What is carpal tunnel syndrome?
Carpal tunnel syndrome (CTS) is a condition brought on by increased pressure on the median nerve at the wrist. In effect, it is a pinched nerve at the wrist. Symptoms may include numbness, tingling, and pain in the arm, hand, and fingers. There is a space in the wrist called the carpal tunnel where the median nerve and nine tendons pass from the forearm into the hand (see Figure 1). Carpal tunnel syndrome happens when pressure builds up from swelling in this tunnel and puts pressure on the nerve. When the pressure from the swelling becomes great enough to disturb the way the nerve works, numbness, tingling, and pain may be felt in the hand and fingers (see Figure 2).
What causes carpal tunnel syndrome?
Usually the cause is unknown. Pressure on the nerve can happen several ways: swelling of the lining of the flexor tendons, called tenosynovitis; joint dislocations, fractures, and arthritis can narrow the tunnel; and keeping the wrist bent for long periods of time. Fluid retention during pregnancy can cause swelling in the tunnel and symptoms of carpal tunnel syndrome, which often go away after delivery.

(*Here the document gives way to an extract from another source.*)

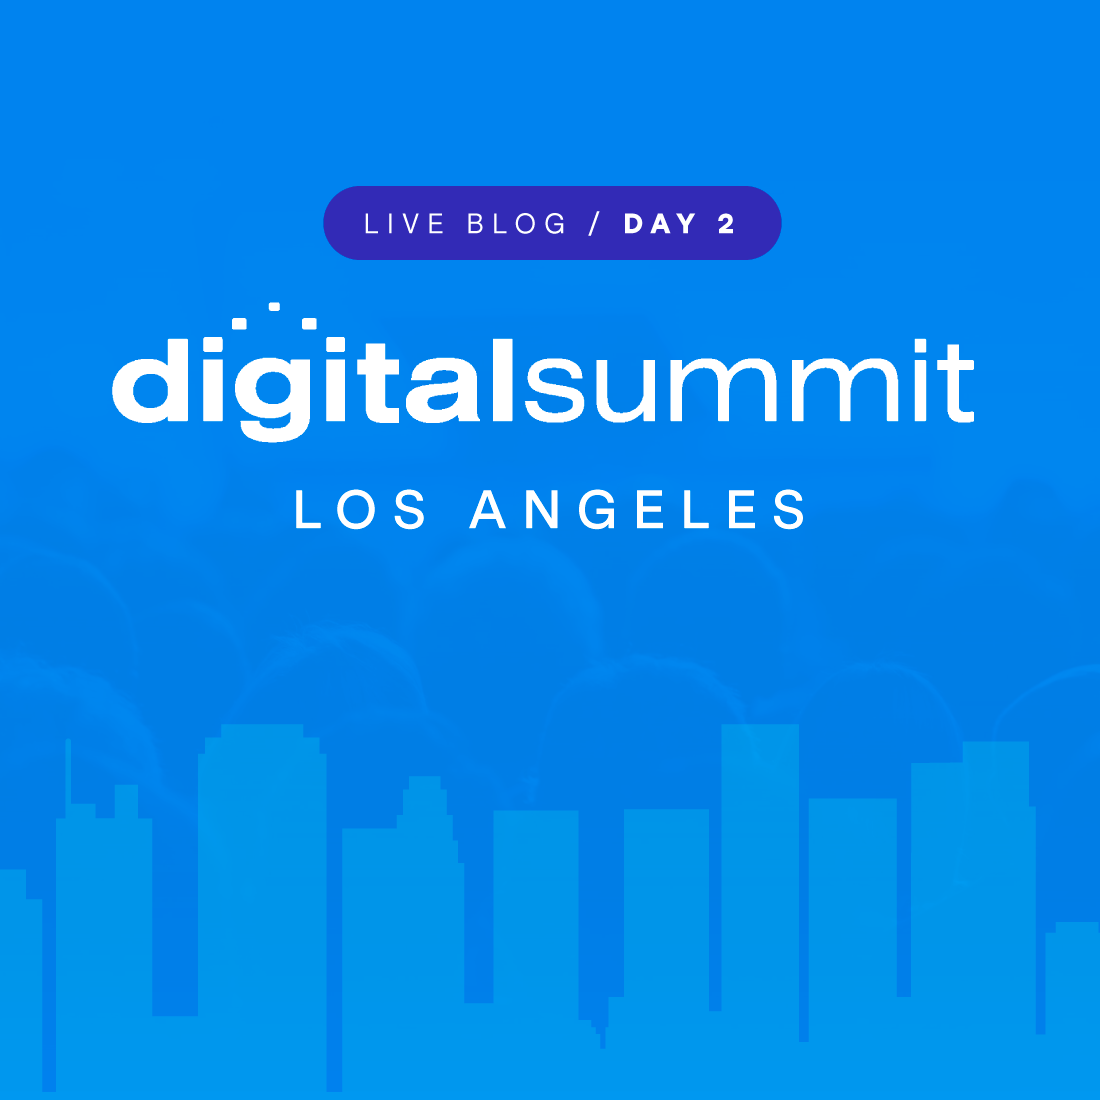 Digital Summit Los Angeles Day 2 Live Blog

Thyroid conditions, rheumatoid arthritis, and diabetes also can be associated with carpal tunnel syndrome. There may be a combination of causes.
Signs and symptoms of carpal tunnel syndrome
Carpal tunnel syndrome symptoms usually include pain, numbness, tingling, or a combination of the three. The numbness or tingling most often takes place in the thumb, index, middle, and ring fingers.